We determined the contribution of changes in mRNA abundance to protein abundance using our biological system of perturbed RNA splicing. We observe 2,021 genes that are differentially expressed (DGE) after PRPF8 depletion and obtained fold change information for 3,057 peptides corresponding to 572 genes that display DGE (Table S3). We observed a Spearman's correlation coefficient of 0.63 when comparing RNA and protein fold changes in expression (Figure 6B; Table S3) that increases to 0.79 when focusing on peptides with a significant fold change (adjusted p value < 0.1, t test, Holm method) (Figure 6B; Table

S3). A correlation coefficient of 0.58 (increasing to 0.76 when considering peptides with significant fold change, adjusted p value <0.1, t test, Holm method) is observed when focusing on uniquely mapping peptides (Figure S6B). Importantly, when we focus on the genes that do not display DGE, we observe a correlation coefficient of 0.29 when comparing RNA and protein fold changes in expression (Figures S6C and S6D), suggesting that changes in gene expression are driving the changes in protein expression. Taken together, these results suggest that in a system with perturbed alternative splicing, a significant proportion of the variation in protein abundance can be chiefly attributed to changes in mRNA levels.

In summary, our results illustrate how RNA splicing links isoform expression in the human transcriptome with proteomic diversity. We further show that alternative splicing events causing intron retention are accompanied by decreased protein abundance, whereas alterations in differential transcript usage and gene expression alter protein abundance proportionally to transcript levels. The fraction of the whole proteome mass of a human cell represented by the number of proteins identified in our study is very high (>99.5%) (Beck et al., 2011), suggesting that the observed events are likely to be representative for the proteome.

Our integrative analysis using a perturbed system suggests that alternative splicing events significantly contribute to both proteomic composition and diversity in humans. While a recent study that used ribosome occupancy as an indicator of translation output and not protein levels, supports our conclusions (Weatheritt et al., 2016), the contribution of alternative splicing to proteomic complexity remains divisive (Blencowe, 2017; Tress et al., 2017a, 2017b). The increase in correlation coefficient between mRNA and protein levels that we observe from SWATH to SRM suggests that a significant proportion of the protein variance from our perturbed system can be explained by differences in isoform usage. Critically, this depends on both the sensitivity of the mass spectrometric method used and the identification of high confidence alternative splicing events at the transcript level.

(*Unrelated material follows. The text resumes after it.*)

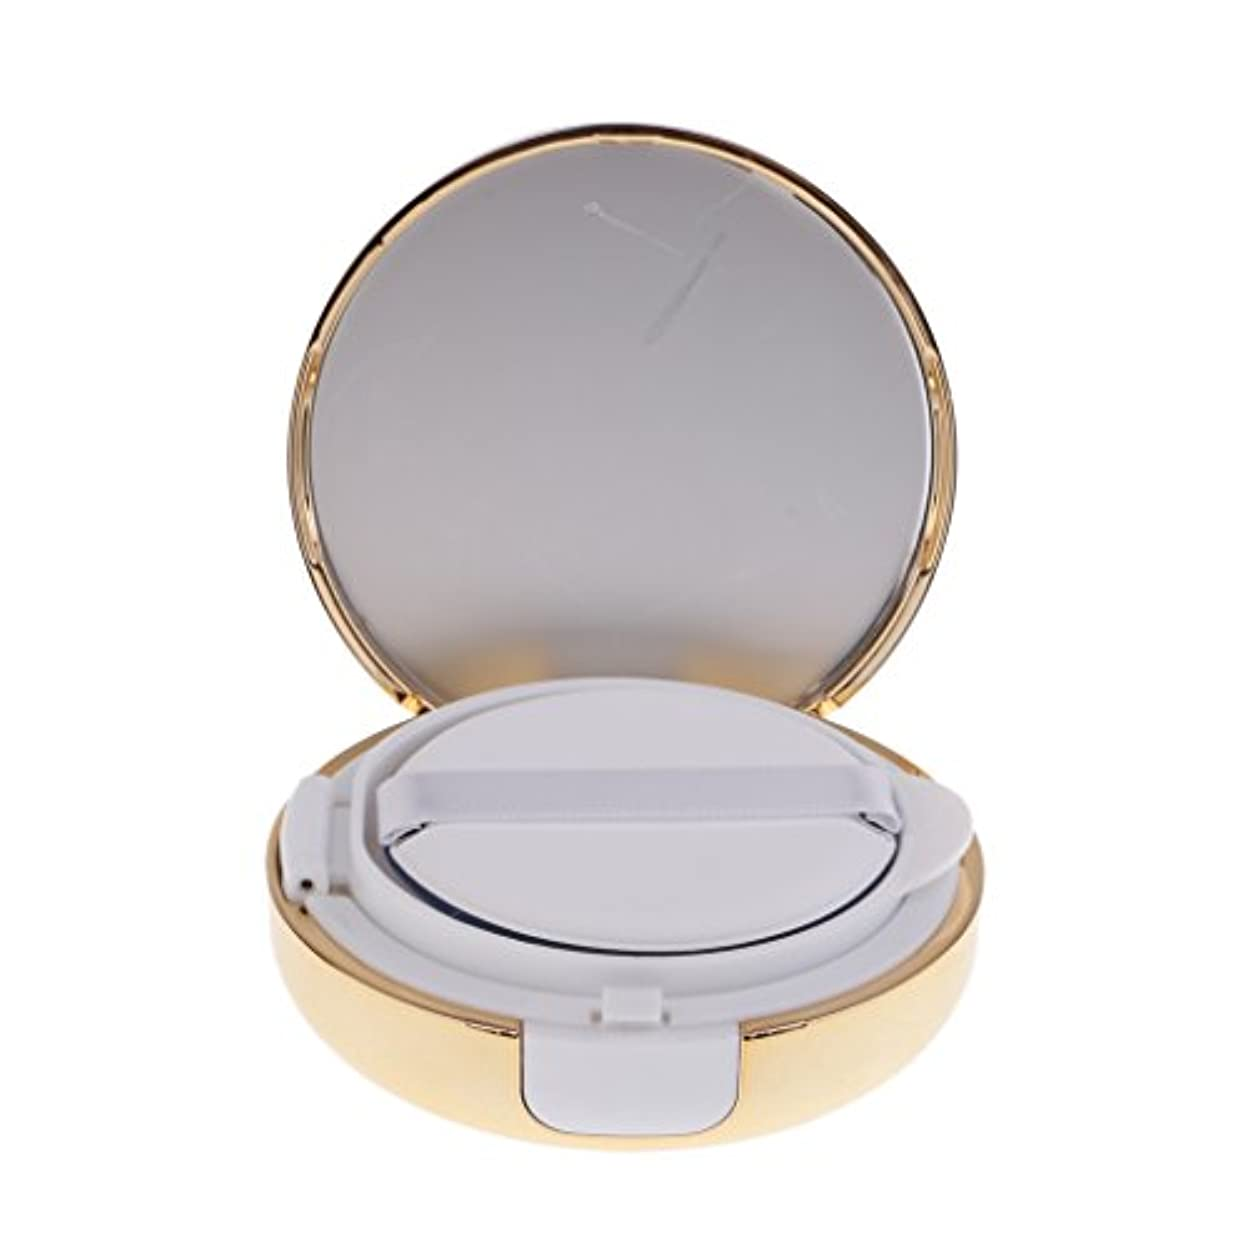 サスペンションスーツケースゴージャスKesoto メイクアップ 空パウダーコンテナ ファンデーションケース エアクッション パフ BBクリーム 詰替え 化粧品 DIY プラスチック製 2色選べる - ゴールド

The methods we have developed to integrate RNA-seq and quantitative SWATH and SRM mass spectrometry data to study splicing demonstrate that usable information can be obtained from peptides that map to more than one transcript in the same gene once information on transcript abundance is considered. They provide a foundation for future studies to examine the proteome-wide effects of altered RNA splicing associated with human diseases (Kurtovic-Kozaric et al., 2015; Quesada et al., 2011; Tanackovic et al., 2011; Yoshida et al., 2011).

EXPERIMENTAL PROCEDURES Analysis of RNA-Seq Data

The transcriptome of control siRNA-treated and PRPF8-depleted Cal51 cells was sequenced on an Illumina HiSeq2000 platform using 100 bp paired-end reads with poly(A)+RNA isolated from 3 and 4 independent experiments, respectively, as previously described (Wickramasinghe et al., 2015). Raw reads were directly mapped to the transcriptome with Bowtie v0.12.7 (Lang-mead et al., 2009), using Ensembl v66 as a reference (Flicek et al., 2012). Following the estimation of transcript expression levels with MMSEQ v1.0.7 (Turro et al., 2011), its companion tool MMDIFF (Turro et al., 2014) was used

to identify both differentially expressed genes and differentially used transcripts as described in more detail in the Supplemental Experimental Procedures.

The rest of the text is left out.